Valerica watched him, her expression unreadable. She looked at Mara, then back at Vane. She realized that his intelligence wasn't just about maps and traps. It was about the cold, brutal ability to strip away emotion until only the most efficient path remained. It was a terrifying trait, but it was the reason they were still alive.

"I'm staying," Valerica said, her voice regaining its steady edge. "But if you ever do something like that again without consulting me, the partnership is over. I'm not your subordinate, Vane. I'm your anchor. If you lose sight of the ground, I'll be the one to bring you down."

Vane nodded once. "Fair enough."

He reached down and picked up Mara, settling her back over his shoulder. The wind picked up, carrying the sharp, metallic scent of the Iron-Groves. The clouds were thickening, turning the afternoon into a premature twilight.

"The Groves are about six miles out," Vane said, checking his handheld sensor. "The tracking relay will be performing a wide-sector sweep in forty minutes. We need to be under the canopy before the pulse hits."

Valerica adjusted her hood and stepped into line beside him. They didn't speak for the next hour, but the air between them felt less like a vacuum. The industrial wasteland began to give way to something more ancient and far more dangerous.

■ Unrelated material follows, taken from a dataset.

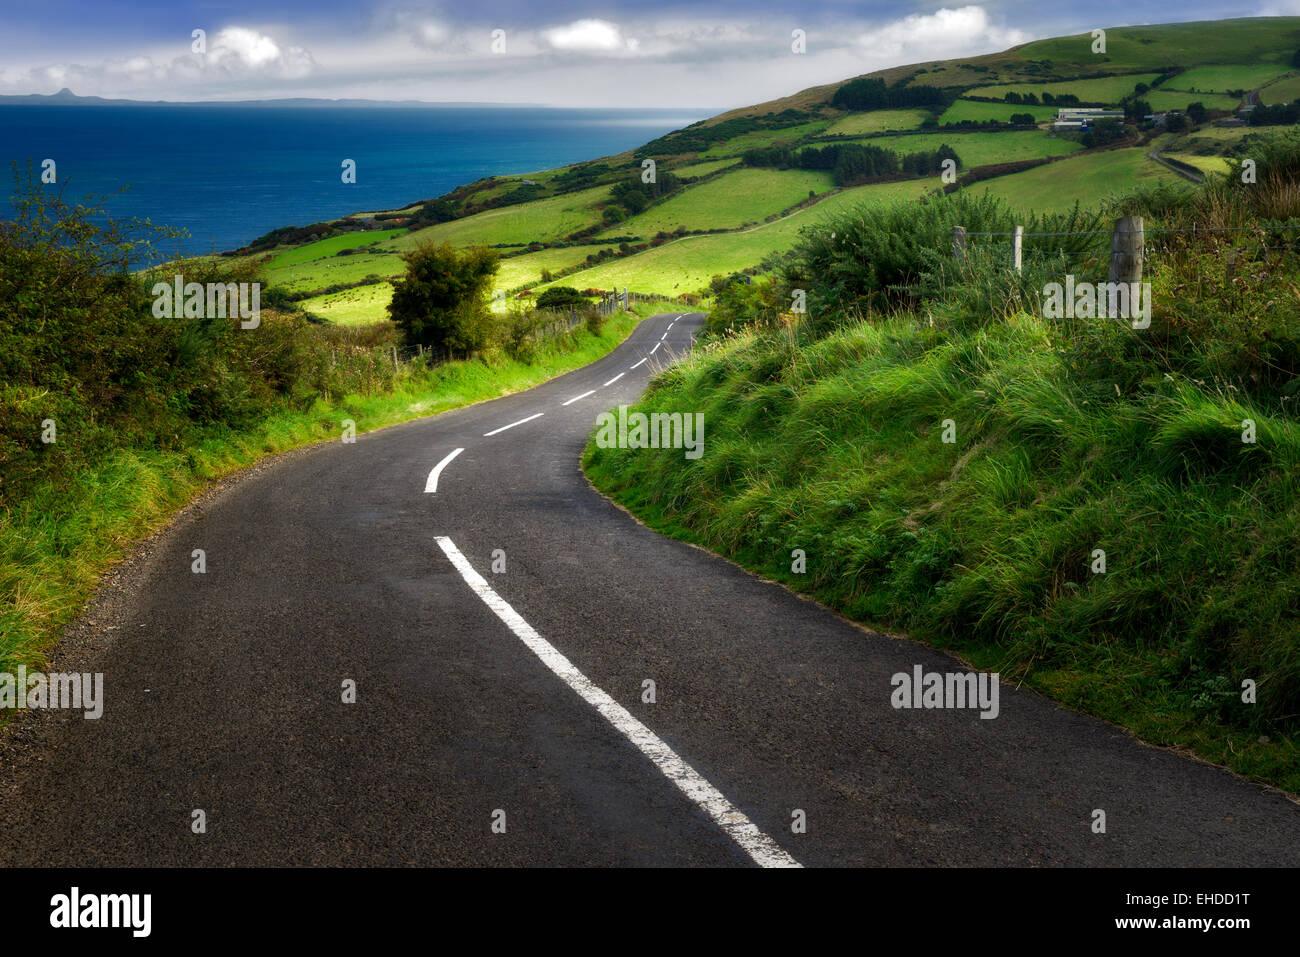 Strada vicino a Torr testa con verdi campi in background. Costa di Antrim Irlanda del Nord Immagini Stock

The first of the iron trees appeared like a jagged spear thrust into the earth. Its trunk was a dull, rusted grey, and its leaves were thin sheets of serrated metal that chimed together in the wind. This was the entrance to the Weeping Iron-Groves, a place where the mana was so dense it had petrified the flora into a living fortress.

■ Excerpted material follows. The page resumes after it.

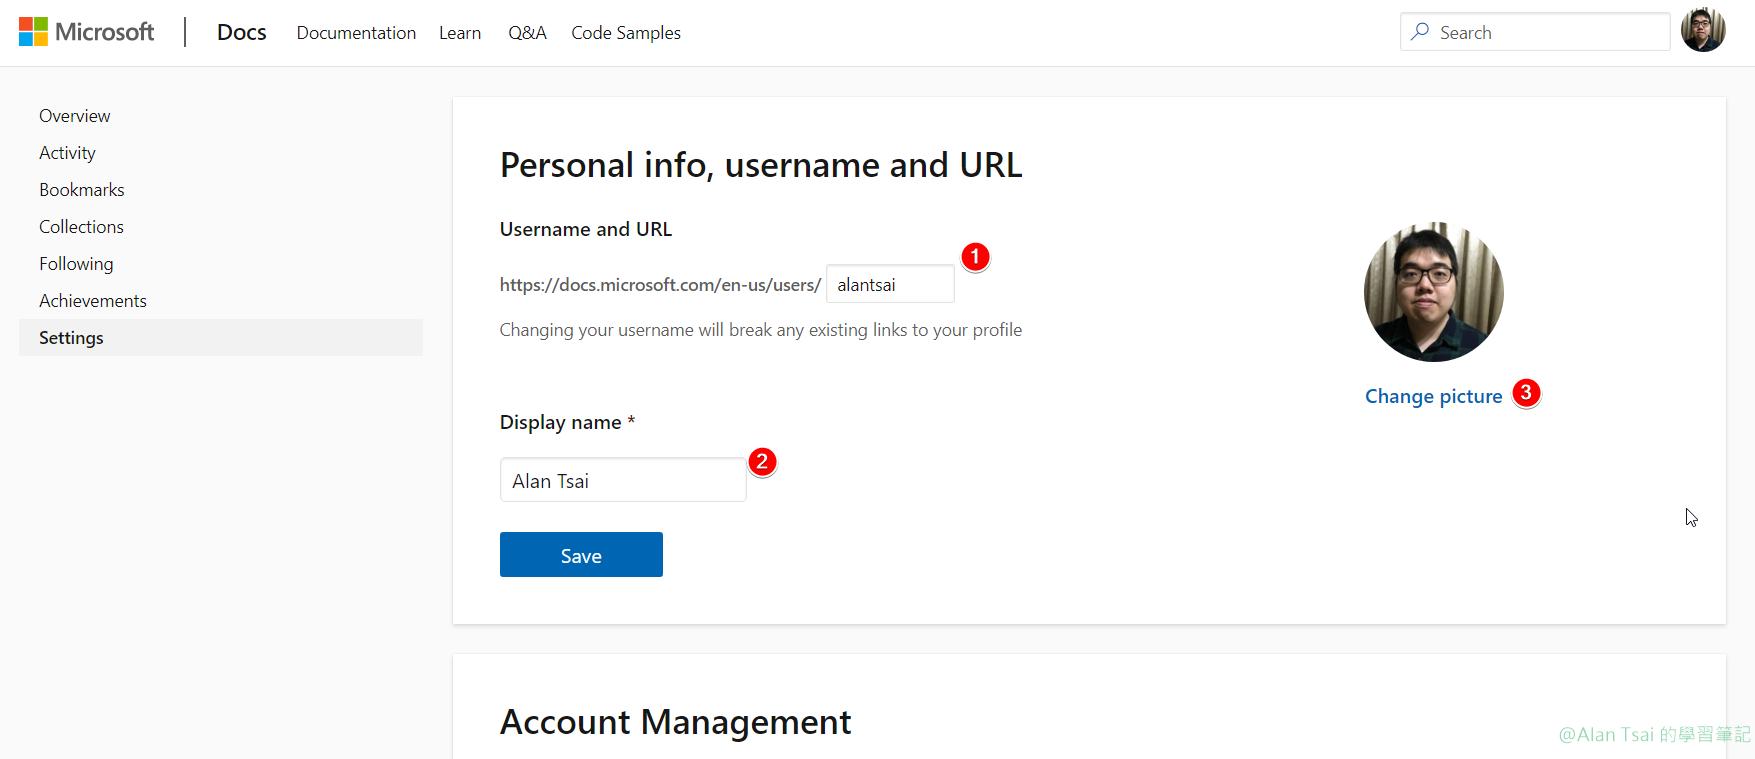 設定 profile 網址、名稱以及頭像
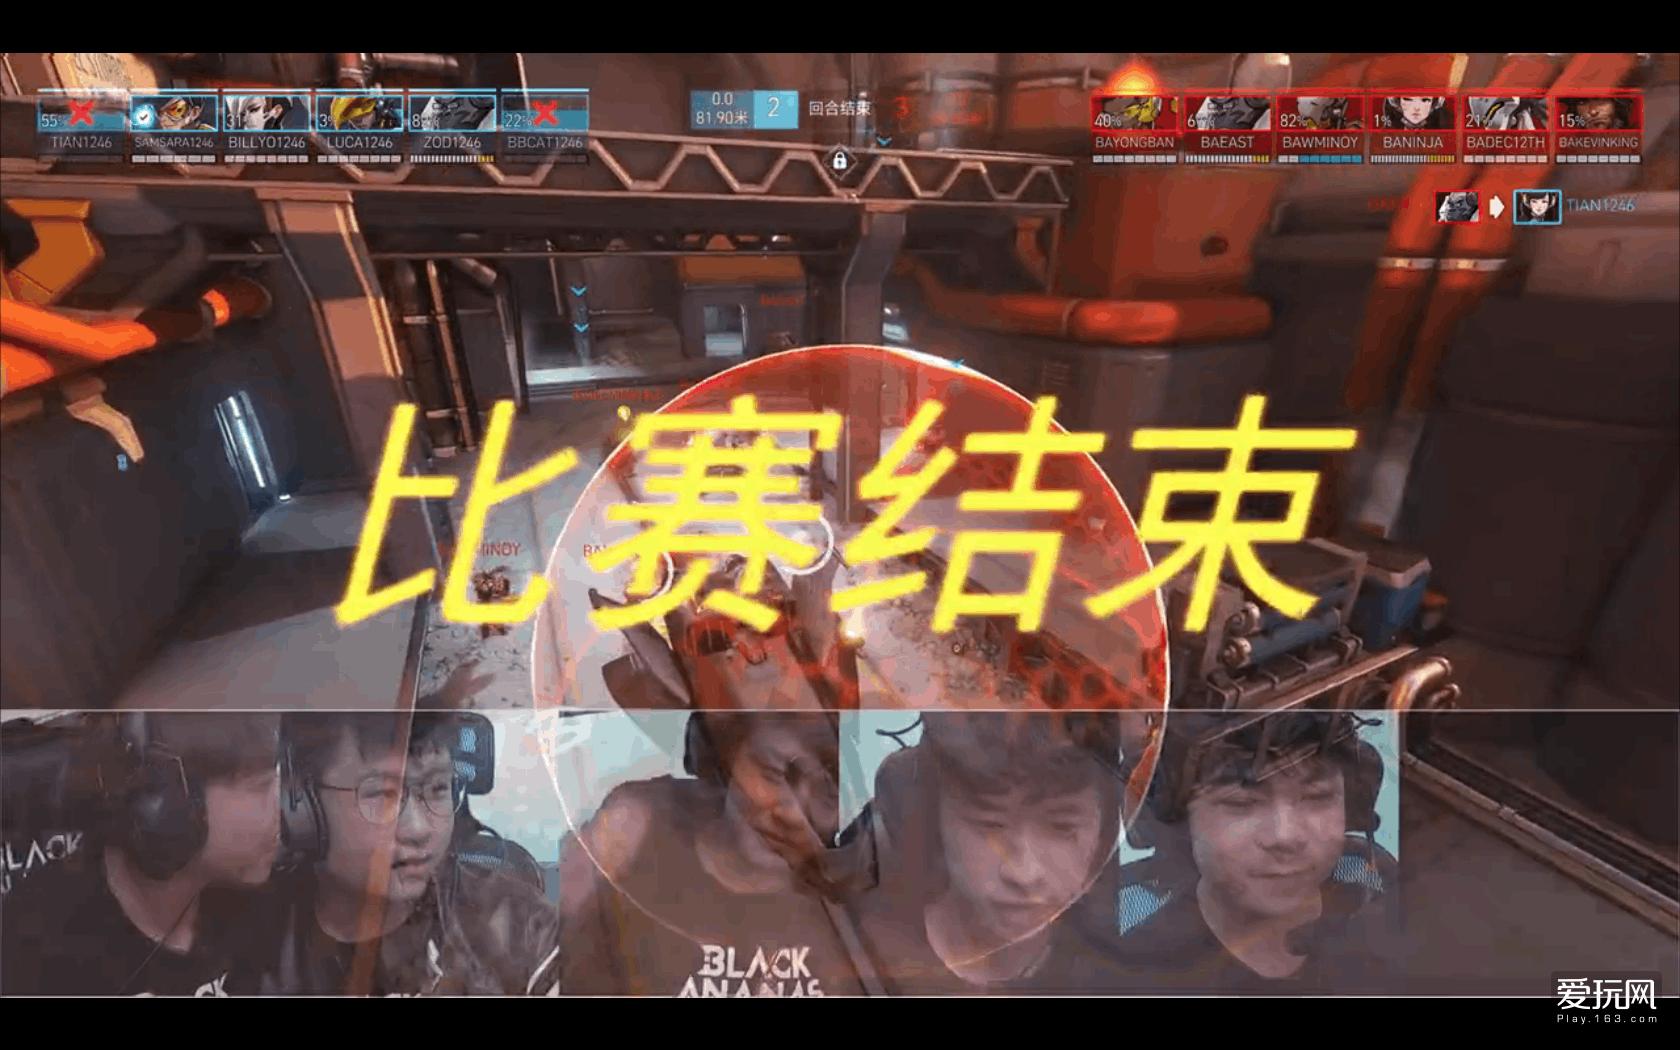 守望先锋OWPS联赛:BA止住败势,放狗王LGD

Vane stopped at the edge of the treeline. He looked back at the smoke-stacks of Cinder-Reach, then ahead into the dark, tangled metallic woods. He felt the Silver Fang hum in his chest, reacting to the heavy, liquid mercury mana that saturated the area.

"We're here," Vane said.

Mara let out a soft, unconscious whimper as the temperature dropped. Vane tightened his grip on her, his mind already beginning to map out the narrow tunnels of the dungeon below. The board was set, and the silence of the mile was finally over.